Kenyan leaders under pressure to resume talks

April 10th, 2008 - 6:22 pm ICT by admin  

Nairobi, April 10 (Xinhua) Kenyan leaders are under intense pressure from the international community to resume talks on forming a coalition government in a bid to end the current political impasse in the east African nation. Western nations and major donors Wednesday insisted that their future cooperation with the east African nation, once an oasis of stability in the war-ravaged continent, will depend on its establishing a government.

Diplomats from the US, Britain, the European Union (EU) and Canada have called on President Mwai Kibaki and opposition leader Raila Odinga to resolve the impasse over distribution of portfolios in a coalition cabinet.

“Power sharing requires flexibility on both sides, each side should be ready to make concessions,” said Adam Woods, British High Commissioner to Kenya, who spoke on behalf of foreign diplomats after a series of meetings in Nairobi Wednesday.

“A genuine grand coalition must reflect equal partnership and sharing of real power among the parties,” he said.

Head of Delegation of the EU in Kenya, Eric Van der Linden, said the two parties should not place conditions over individuals expected to join the coalition cabinet.

“We as friends of Kenya want an effective government to enable it serve the nation and end the anxiety,” said Linden. He said tension that had gripped the country following the delay in naming the cabinet was not healthy.

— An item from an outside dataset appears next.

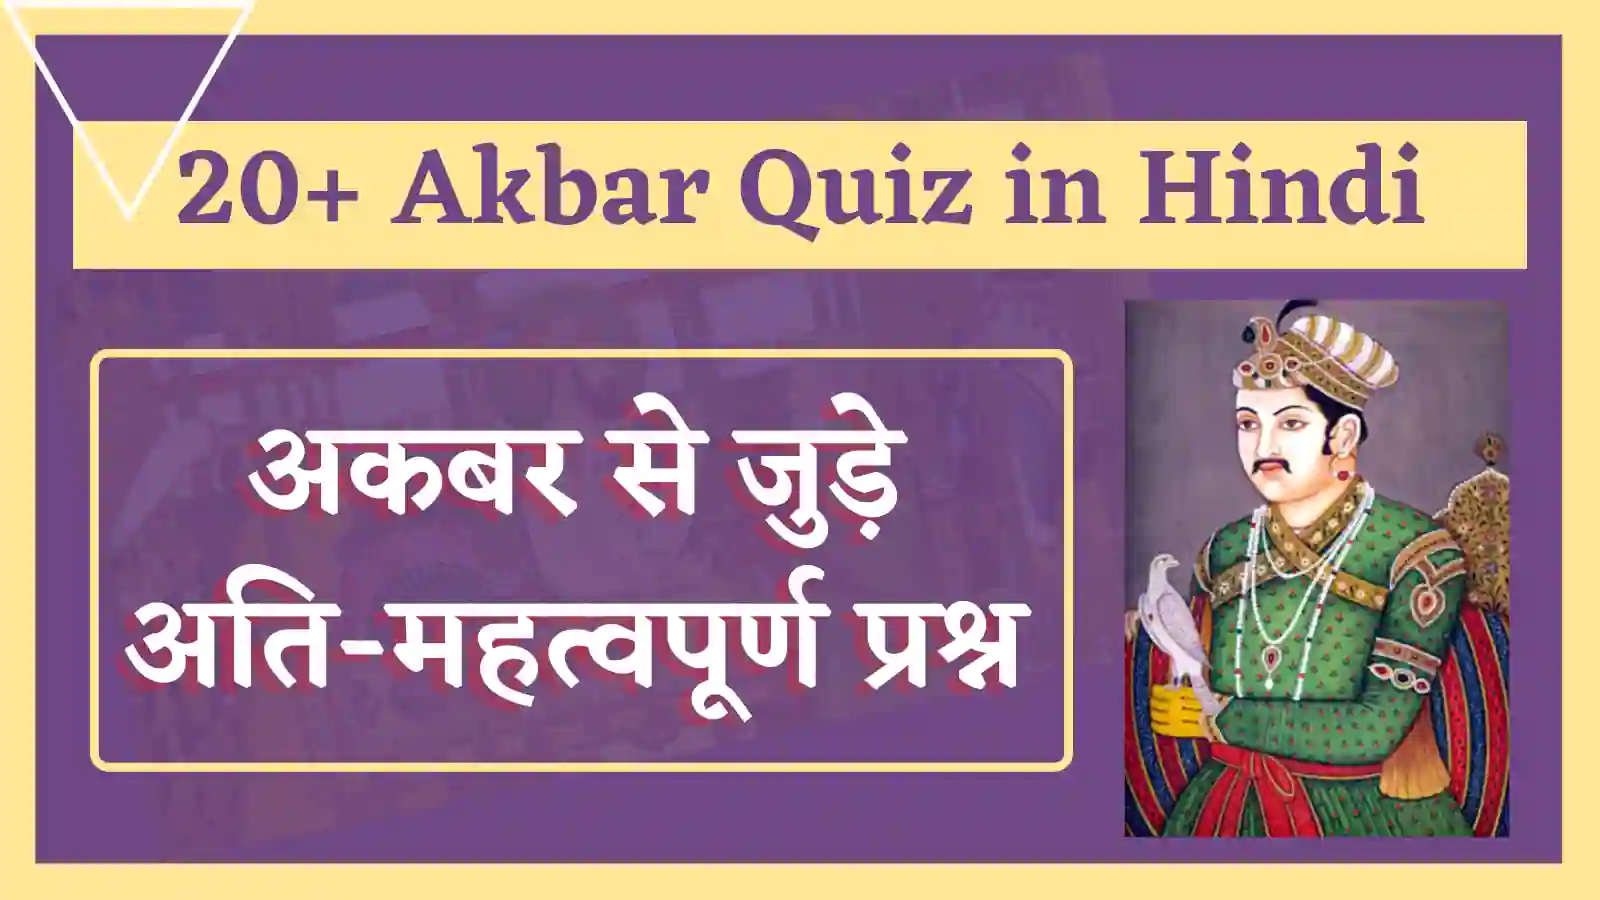 akbar quiz in hindi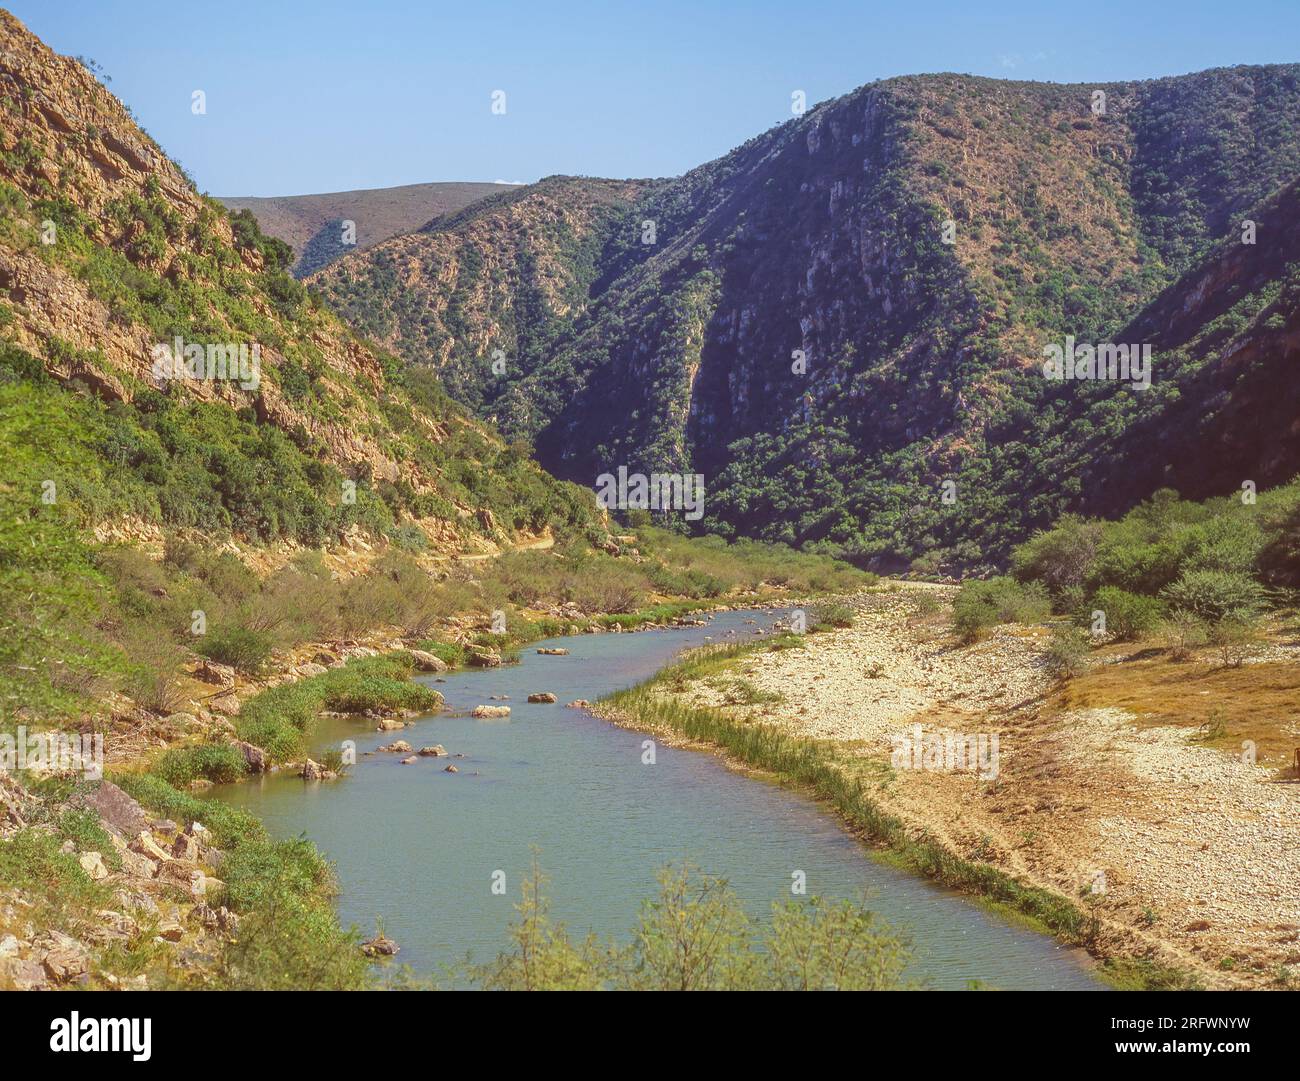 La rivière Groot marque l'extrémité orientale de la région de Baviaanskloof (Vallée des babouins) dans la province du Cap oriental en Afrique du Sud. Banque D'Images

“Our appeal to both sides is that they engage in honest discussions on the matter,” Linden said. The team had also met Raila Tuesday over the cabinet stalemate.

US ambassador Michael Ranneberger joined the international calls on Kenya’s leaders to quickly resolve a protracted political crisis as new protests broke out Wednesday in the capital.

Ranneberger put pressure on Kibaki and Odinga to form a coalition government, saying Kenya’s relationship with the US depends on implementation of the stalled power-sharing accord.

“If the political accord is not implemented, it will make it difficult, if not impossible, for us to work in Kenya,” he said Wednesday, joining the international calls for quick formation of a cabinet to govern Kenya, a key ally in the war against terrorism.

“The whole US relationship with Kenya depends on the implementation of this political accord. We think it will be implemented,” Ranneberger said. “But if it is not, for whatever reason, then that would affect the whole relationship, and therefore it would have a huge impact on Kenya.”

Ranneberger said he met Tuesday with President Kibaki and Odinga and remains convinced the two will reach an agreement.

British Foreign Secretary David Miliband said Wednesday he was “dismayed” by the stalling of the talks on power-sharing and urged the country’s leaders to agree a cabinet so it can move on.

“All sides must be prepared to make concessions to allow this to happen, including President Kibaki’s supporters ceding some powerful portfolios.”

Canadian Foreign Minister Maxime Bernier called for a quick solution to the cabinet impasse and urged the two leaders to implement the accord soonest.

“I call upon President Kibaki and Prime Minister-designate Odinga to proceed in good faith to implement that agreement, which included the establishment of a coalition cabinet,” Bernier said.

Ambassadors from the African Union (AU) also emphasised the need for “quick concessions” to break the current deadlock.

“We are concerned over what has been happening in the last three months in this country. When the agreement was signed we were hoping things were going to be better, but what we are continuing to witness is very worrying,” said Tadumi Ono’okoko, the dean of AU ambassadors.